I cannot ask what extra precautions the adoptive parents are taking, or if they are frontline workers. My child has asthma and has always suffered with coughs and colds. Recently I was lucky to get a brief update from the adoptive family via the Letterbox team that my child is safe and well, that the family are well prepared with medical supplies that they might need, and they have agreed to update me if there are any health changes. But this does not lift the heavy feeling of the unknown and the wondering.
I know I won’t see her. I am not there to make her safe and give lots of hugs and cuddles. It will also be her birthday soon, a birthday in lockdown. My anxiety is through the roof but I have been thinking about the poems my group made and I have been reading these and keeping as busy as I can.
Listening to music has helped me and just reminding myself she is loved and cared for in her adoptive family. When she asks about us as I know she does and she has asked about her grandma and grandad, I hope she will be getting some emotional support- from the reassurances I have received from the adoptive parents I believe this a bit more now.
Wondering and not knowing
After my children were removed from my care I found myself broken, I wasn’t coping well with life, they were, are, my life. I always feel like part of me is missing, my heart hurts all the time. Every night I pray to be normal, to have a normal life and to be happy but I don’t get a happy ending, my life will never be normal.
I do get one letter a year called letterbox which is written by the adoptive parents, I love hearing about them, how they are, what they have been up to. Around the time my letter is due I get really anxious but I’m really happy when I get it, it is always a mixed feeling in the month my letter is due.
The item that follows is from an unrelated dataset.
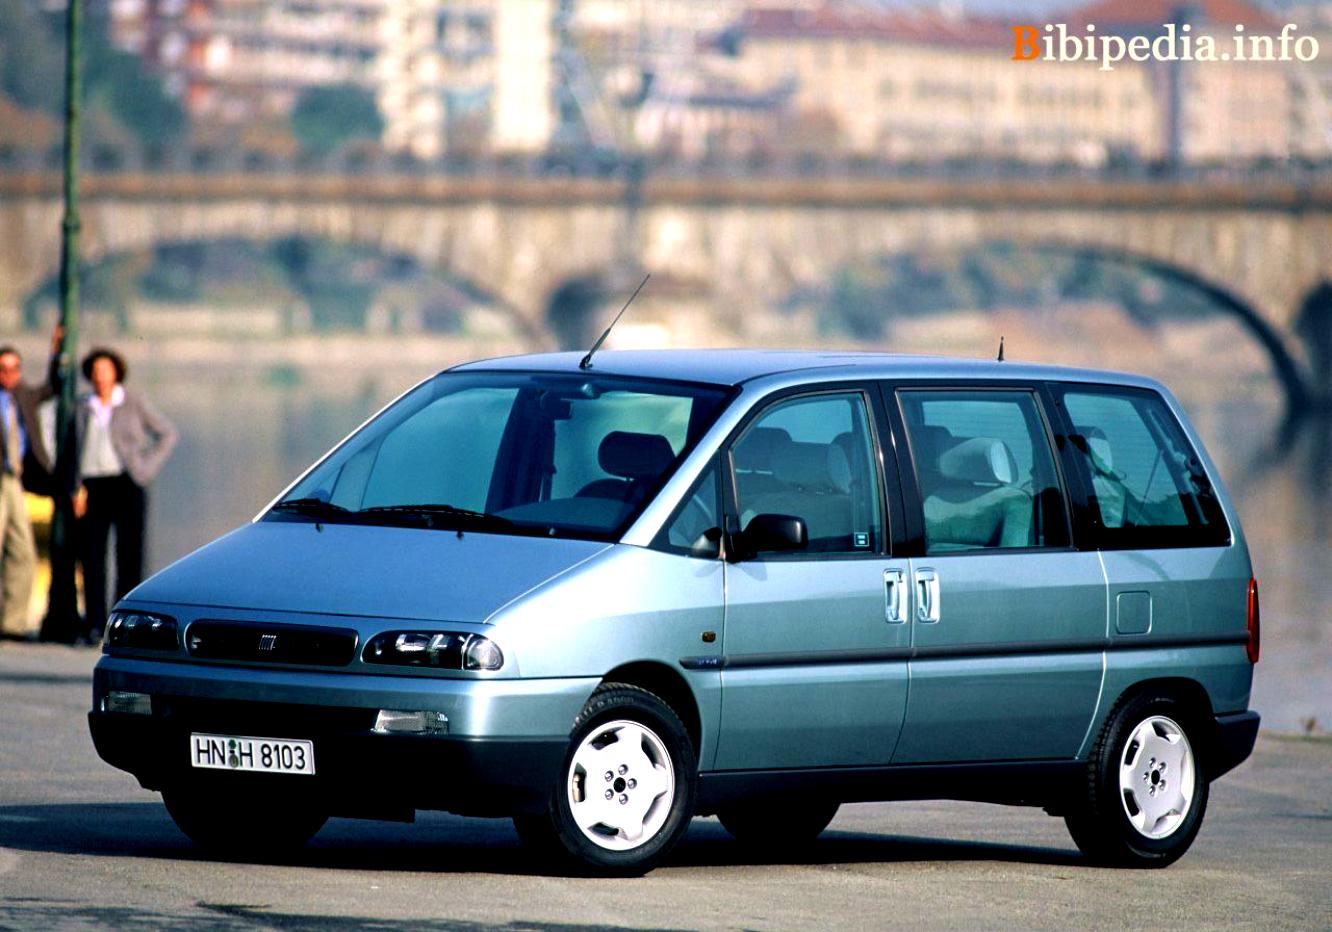 Fiat Ulysse 1999 #1

Even though I do get my letter once a year, it is hard not knowing if they are okay for the rest of the year. I get scared for them, and worry if they are well or even still alive. I worry loads if my letter is late, I start looking through the news to see if anything might have happened. I look through the death notices page in the newspapers to see if there have been any awful accidents, my mind goes to dark places. It is really hard not know if your blood relatives, your children, are okay.
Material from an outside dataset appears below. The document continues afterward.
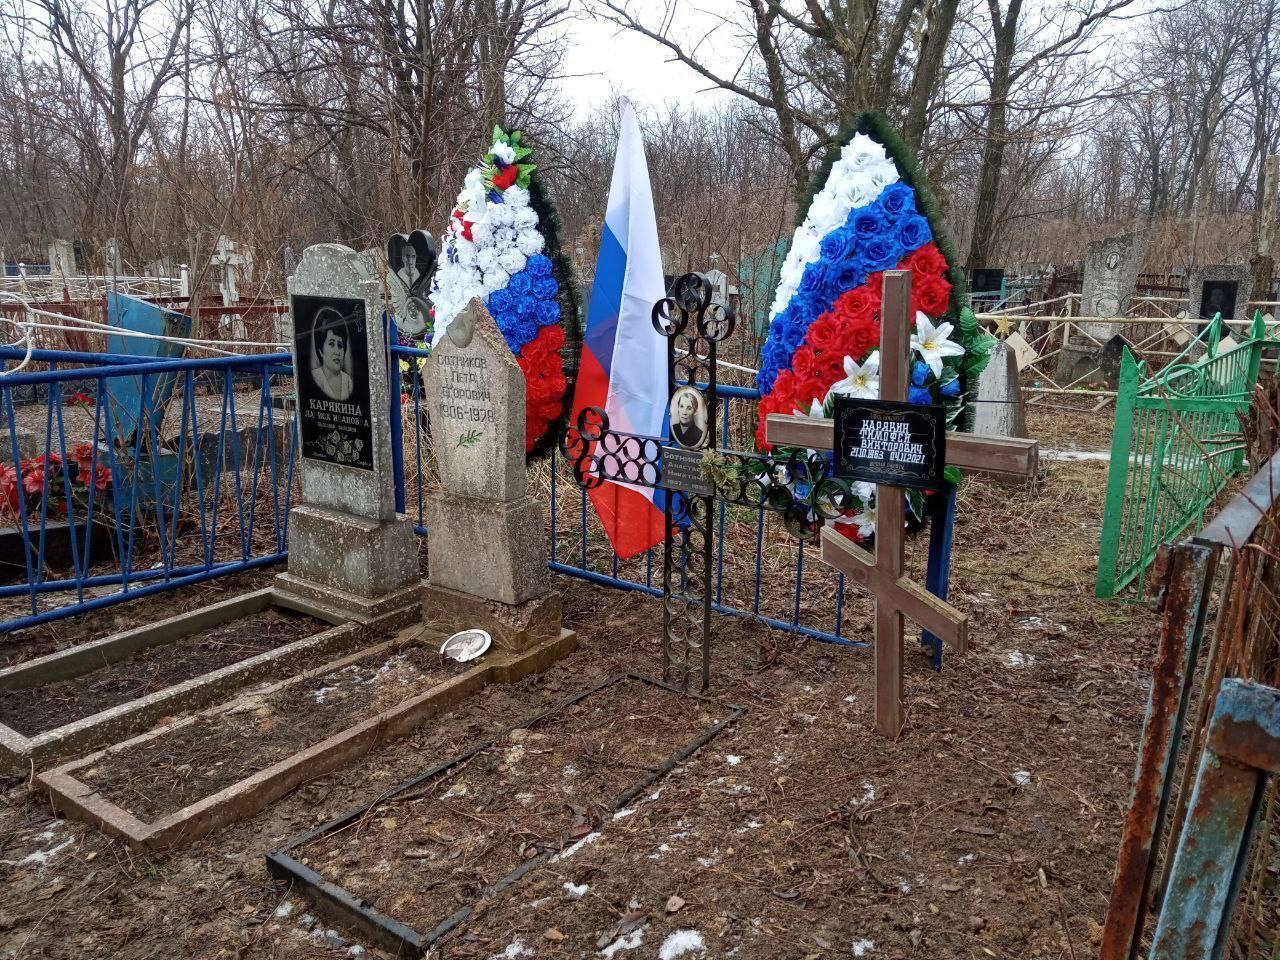 В Кадиевке предатели осквернили могилу родных украинского воина. Фото

A lot of my time is spent sitting and thinking about how they are, what they are doing, how big they have grown. My mind is full of the parts that are missing, that I am missing. Christmases and birthdays are hard. Passing places I used to take them or hearing a song they used to dance to, the grief and emotions hit you like a crashing wave.
You can’t help but thinking about them night and day. I spend nights watching the sky, the moon and the stars, knowing we are all under the one sky, together. One of the last things I said to them was if they can see stars I will be looking too, they are not alone, I am under those same stars thinking about them.
I have found some comfort in spending time in my garden. When my children were first removed I planted some trees to represent each of them and every birthday and Christmas I decorate the trees in their favourite colours and cartoon characters, the trees are quite big now and these rituals help me cope.
Now we have Covid-19 and I have not received my letterbox yet or a brief update to say they are okay and it is really hard not knowing if they are safe. It is a scary time for us all and being on my own, not going out due to lockdown, all I can do is worry.
Like most birth mums or adoptive parents, we worry about our children. We are all human, birth parents have made mistakes but are not monsters. If anything positive can come out of this time maybe it will be more compassion, it is not a war between birth family and adoptive families, maybe we can come together more and create better communication as our children might worry about and miss us as much as we worry about and miss them.